WASHINGTON — Top finance officials of the world's 20 largest economies sought Saturday to allay fear of a currency war, pledging not to target exchange rates to gain a competitive advantage in trade.


But the joint statement, issued at the end of a meeting in Moscow of the so-called Group of 20, or G-20, did not single out any country, essentially giving a pass to Japan to keep pursuing its economic policies despite a significant slide in the value of the yen since November.


Japan's new government under Prime Minister Shinzo Abe, who will meet with President Obama this week in Washington, had been talking down the yen and has pressed its central bank for more expansive monetary stimulus to break out of its deflationary trap and boost the nation's stagnant economy. A cheaper currency helps a country's exporters sell their goods to foreign markets.





Some analysts said they now expect the yen to dip further, a prospect that could stoke contention over exchange rates and present complications for the United States in its long-running efforts to influence China to make more rapid adjustments in its currency.


"The U.S. could tolerate the yen depreciation, but clearly this is a potential problem in so far as China could interpret it as a possible green light to make its currency weaker," said Domenico Lombardi, a senior scholar at the Brookings Institution in Washington.


American officials were careful not to fault Japan, an important ally in Asia. What's more, the Federal Reserve also has taken extraordinary measures to stimulate its domestic economy, for which the U.S. has come under similar accusations from some G-20 nations that it was aiming to cheapen the dollar to boost exports.


Federal Reserve Chairman Ben S. Bernanke, in remarks Friday at a G-20 session with finance ministers and central bankers, said the United States was simply "using domestic policy tools to advance domestic objectives."

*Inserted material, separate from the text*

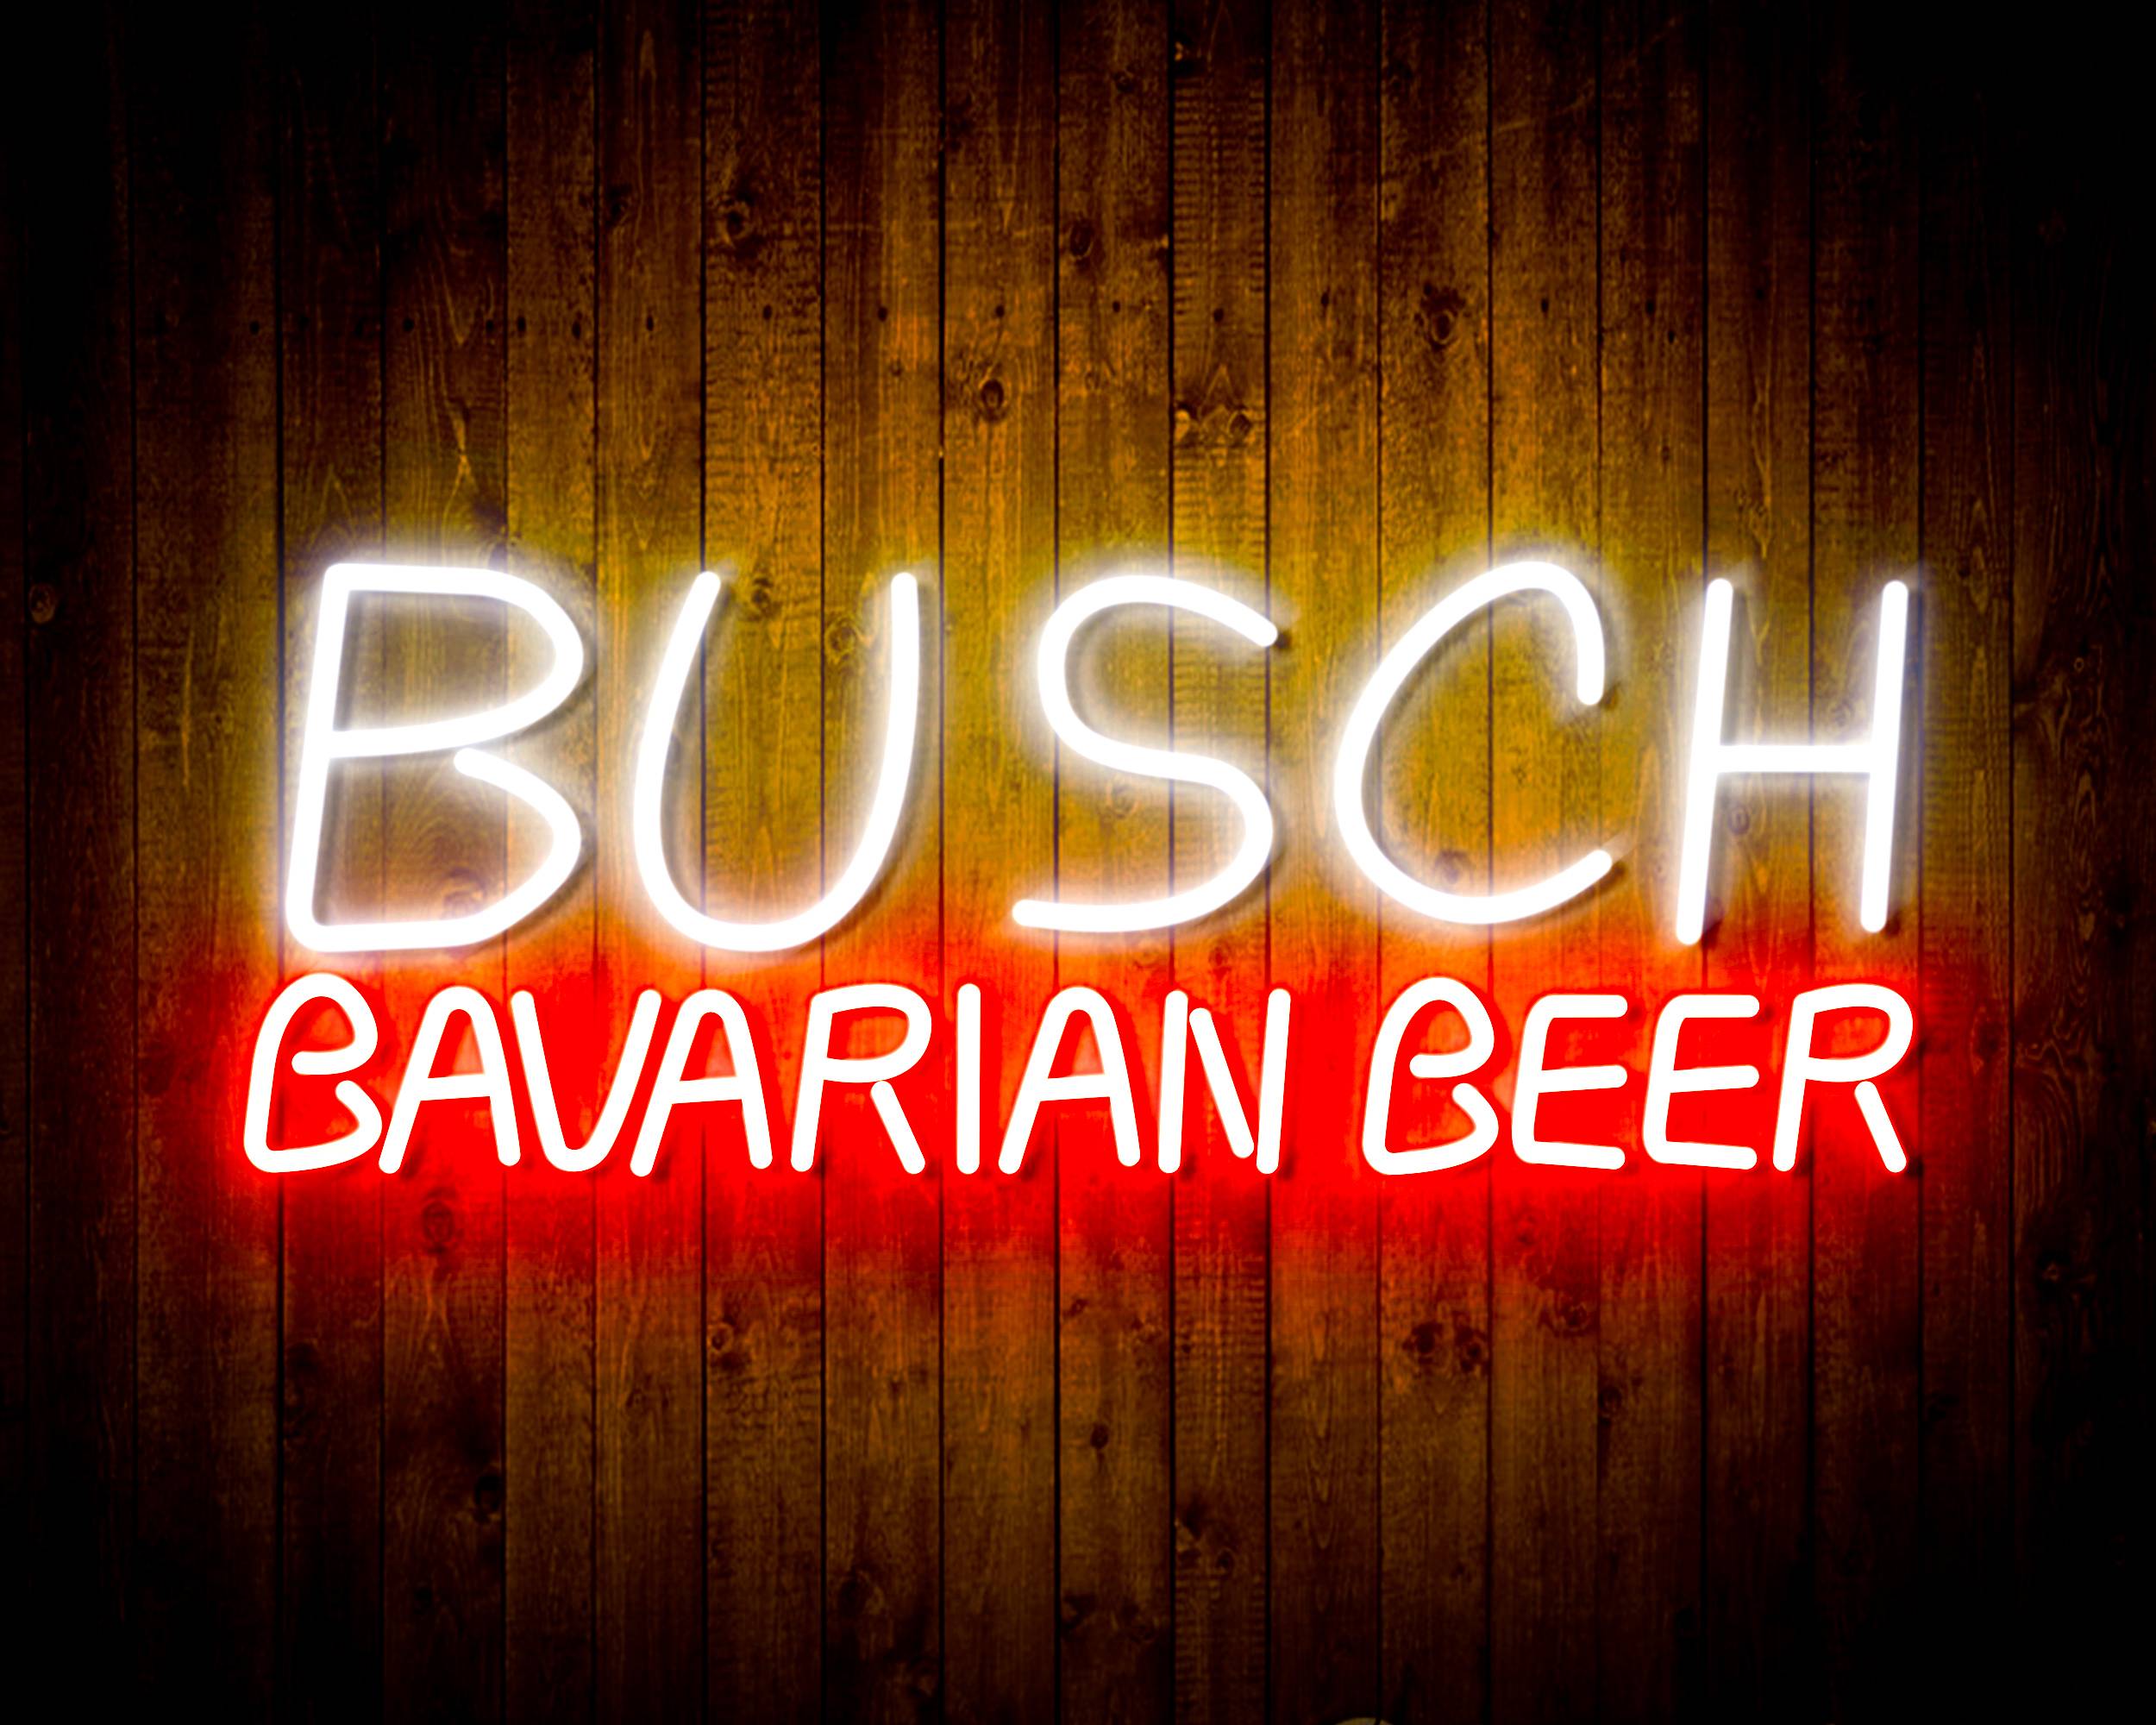 Busch Bavarian Beer Handmade LED Neon Light Sign

The Fed has been aggressively buying Treasury bonds with the aim of pushing down long-term interest rates to stimulate investment and reduce the unemployment rate, but that has contributed to a weakening of the dollar.


Many economists believe that currency manipulation occurs when a government intervenes, for example, by buying up dollars, specifically to devalue its currency. This, they say, is different from what may be an unintended byproduct of large-scale monetary stimulus to support one's domestic economy.


Intended or not, other analysts said the distinction was not so clear when the result was the same.


Aiming to make that more clear, the G-20 statement said monetary policies should be directed at price stability and domestic growth. "We will refrain from competitive devaluation," it said.


The statement said the G-20 would "monitor and minimize the negative spillovers on other countries of policies implemented for domestic purposes," but it did not set any benchmarks or enforcement mechanism.


A weaker Japanese yen isn't likely to have a major effect on the U.S. economy, and certainly not any time soon. American officials are far more interested in the politically sensitive issue of the Chinese currency. Although the Chinese yuan has risen significantly against the dollar in recent years, many in the U.S. still consider it undervalued and harmful to American exporters.


Besides currency fluctuations, G-20 finance officials also took up budget austerity. The Eurozone's debt crisis and deepening recession have prompted some in Europe to rethink the idea of setting tough budget deficit targets.


The Obama administration, fighting at home to avert stringent fiscal cuts that it believes could hurt the nation's economic recovery, has long pressed the G-20 to put more emphasis on pro-growth policies and less on austerity. But Germany and some others have insisted on fiscal consolidation and debt reduction as key pathways to recovery.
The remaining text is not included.